Merion Square School
The main building housed the Merion Square School, a public school, until 1958, when students, teachers, school bell, and plaque were moved to the new Gladwyne School on the other side of the playground. We bought the property in 1968 and have modernized the building and expanded and improved the grounds several times. A timeline of what GMS has done with the building, which is a Class 1 Historic Property.
The historical records below come from the Gladwyne Library,
and the Lower
Merion Historical Society, which also made the old photographs available.
The first Merion Square School was built before 1835. In October 1835, the Lower Merion School Board appointed John Phillips as a teacher at $150 for the school term. Oral tradition says there was an earlier Merion Square School on Righters Mill Road c. 1830, but no documentation of this school is known. The 1851 Levering map shows the school on Youngsford Rd. (Reference)
The second Merion Square School building, our present school, was constructed by 1884, with additions in 1910, 1917, and 1929 on the site of the earlier school. [the plaque that was on the front of the building is dated 1884. It was moved to the new Gladwyne School on the other side of the playground when the public school moved there in 1958, but has since been lost.]
Merion Square School (1930)
Since the consolidation of the township
schools Gladwyne has had a substantial stone building of six rooms, with
sanitary toilets, Springfield drinking water and electric lights.

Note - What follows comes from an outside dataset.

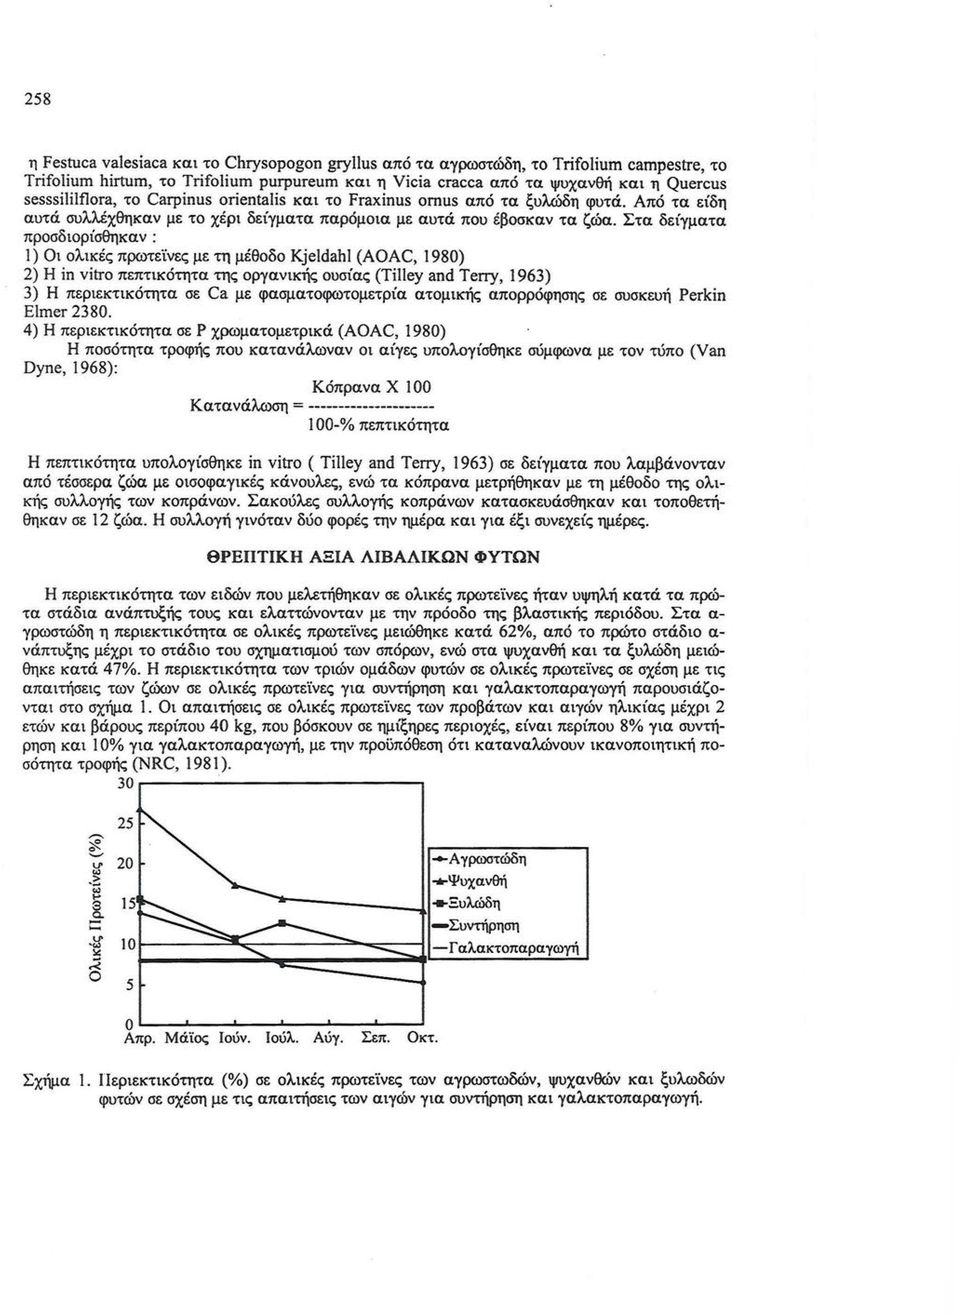 Στα δείγματα πρσδιρίσθηκαν : Ι) Οι λικές πρωτεϊνες με τη μέθδ Kjeidahi (AOAC, 1980) 2) Η in νitro πεπτικότητα της ργανικής υσίας (τi!
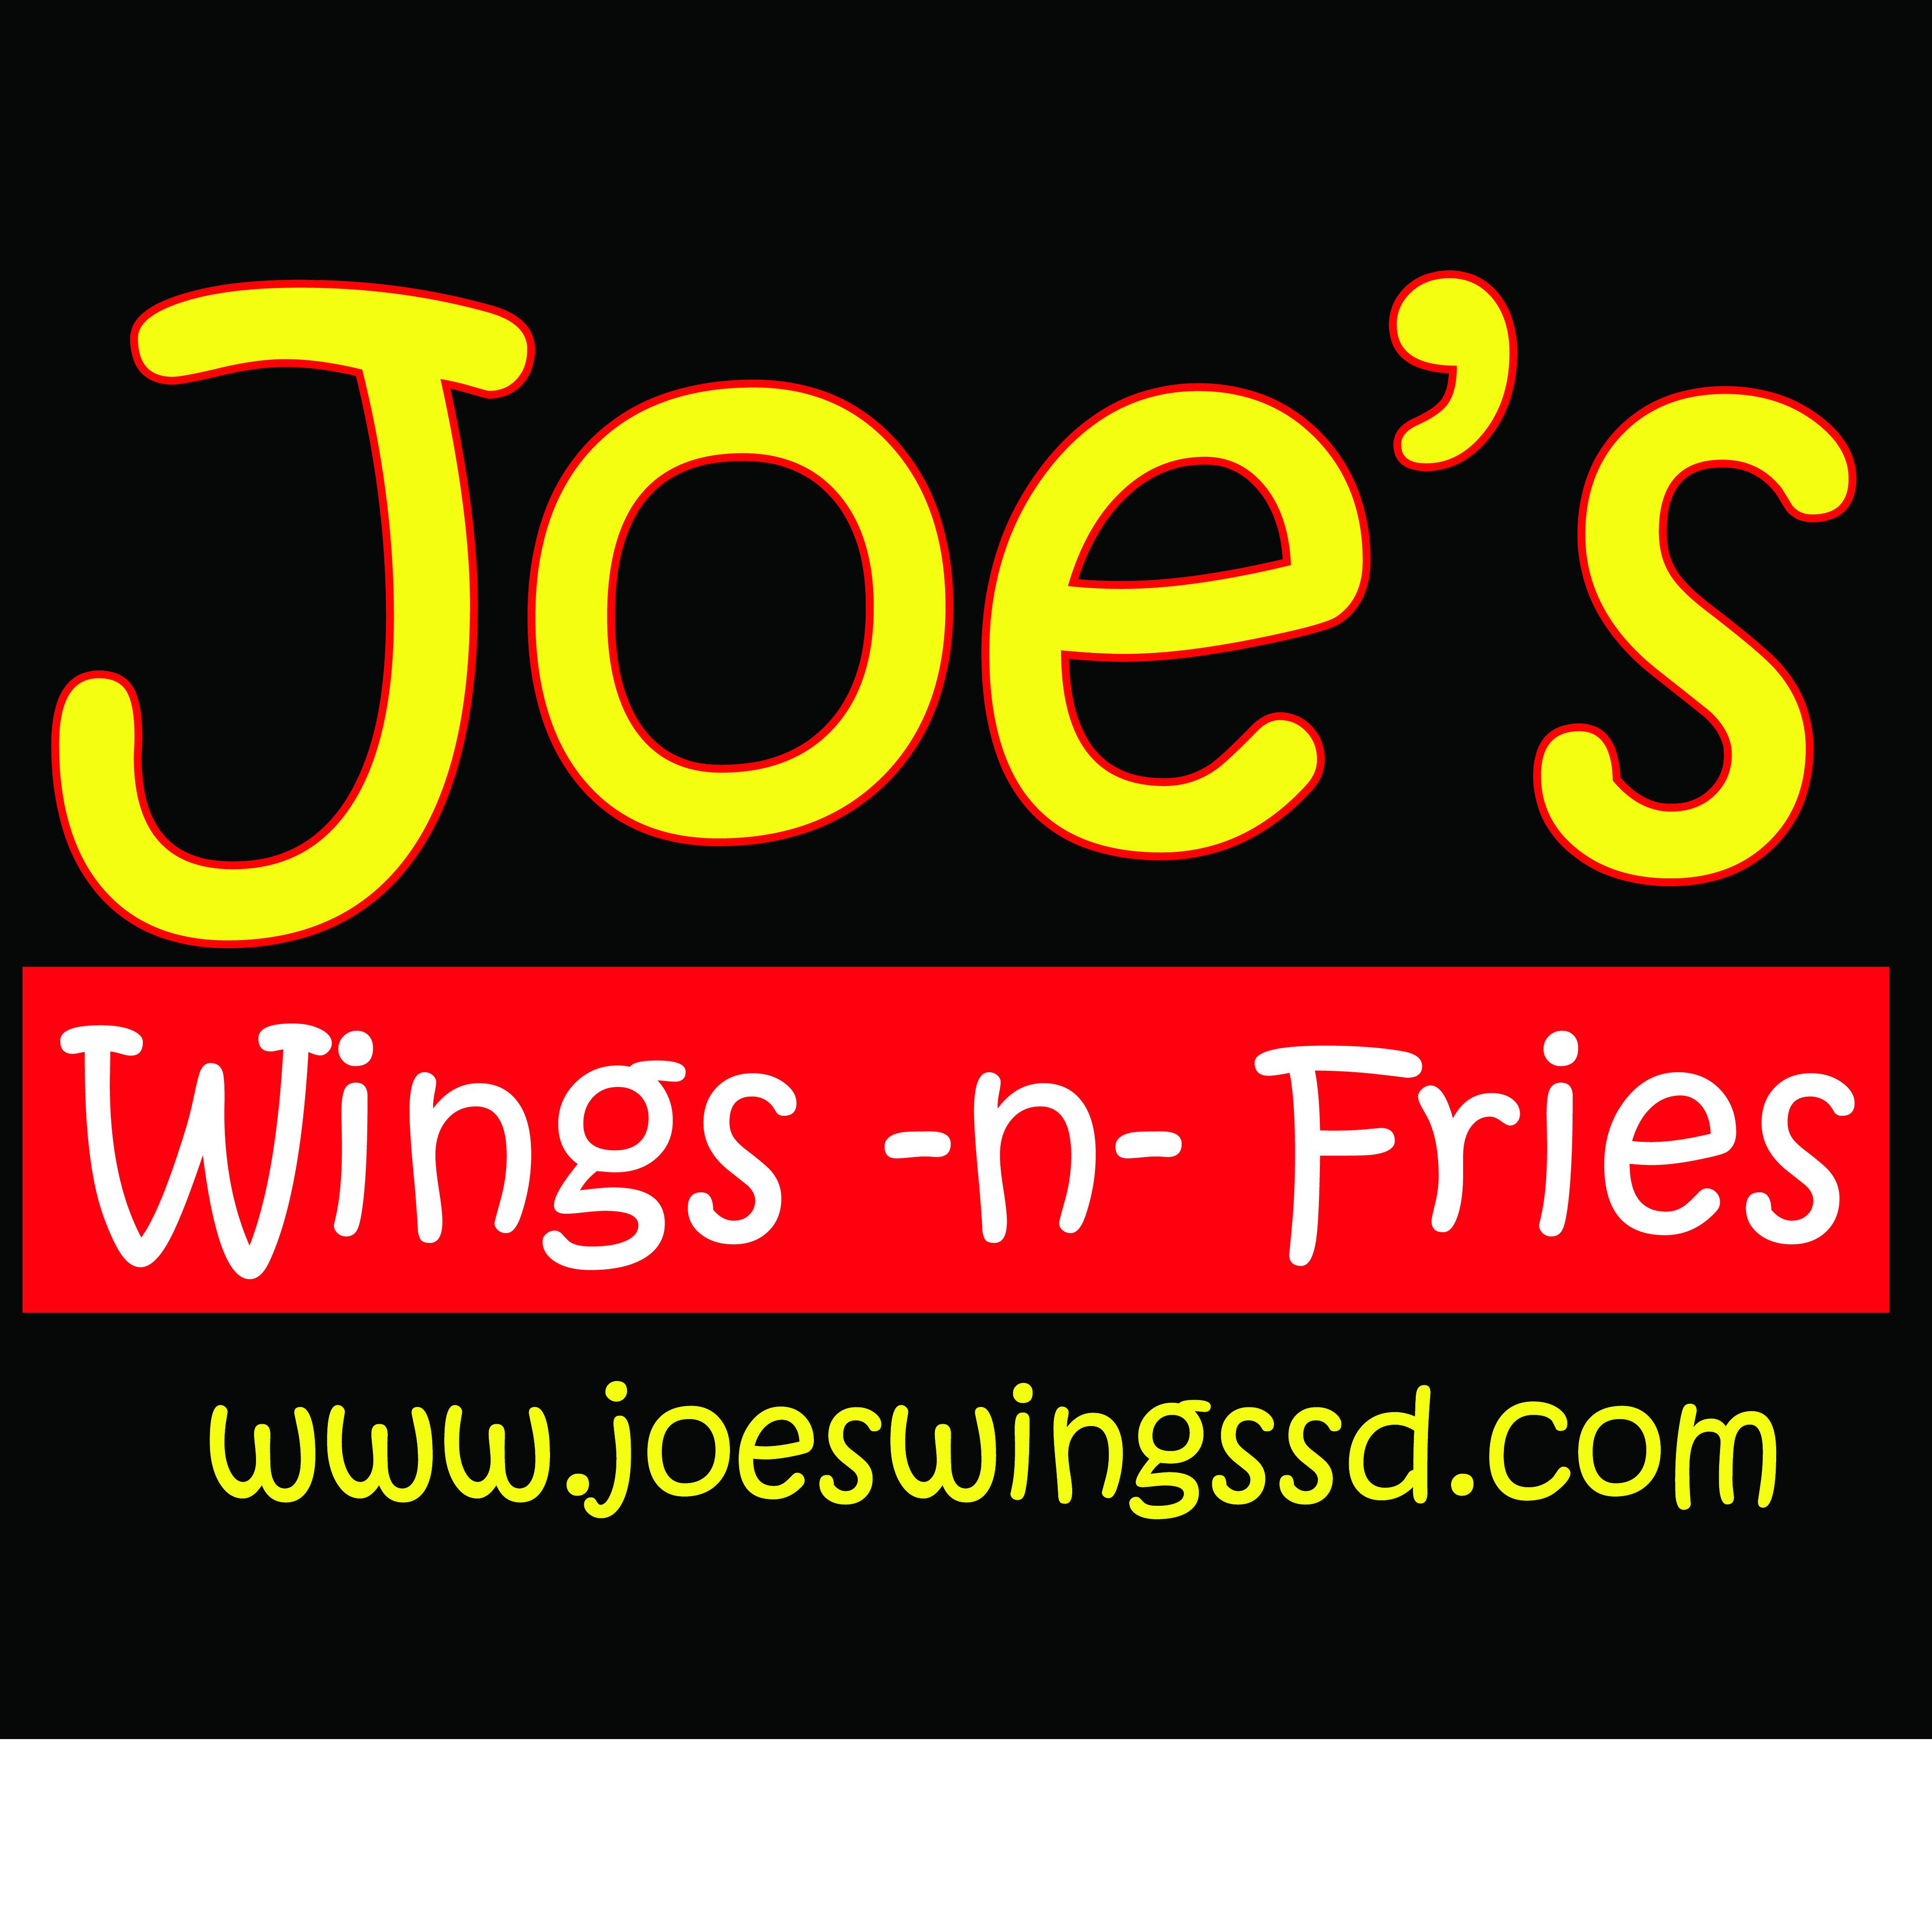 Joe's Wings -n- Fries Logo

In addition to the school playground, which was
enlarged in 1923 through the purchase of additional ground at a cost of
$4,792.53, the children are permitted to use the large athletic field directly
across the street, as it is owned and has been equipped with playground
apparatus by the township commissioners.
The first addition to this quaint and picturesque building was
erected at a cost of $11,196.94, while modern, sanitary toilet facilities were
installed in 1917 at a cost of $2,923.48. In 1926, a modern oil burning hot air
heating system was erected at a cost of $10,000.00. In 1929, the entire plant
was overhauled, and an addition containing two classrooms, offices, lockers,
showers, a cafeteria, and a fine gymnasium- auditorium was erected by the
Bowden Construction Company, Ralph E. White, of Philadelphia, being the
architect. The total cost of this addition, including enlargement of the heating
plant and other necessary changes, was $83,643.53.
Phone, Ardmore 194
from the Directory 1930-31 / Lower Merion Township / Montgomery County, Pa./ Public Schools p.42.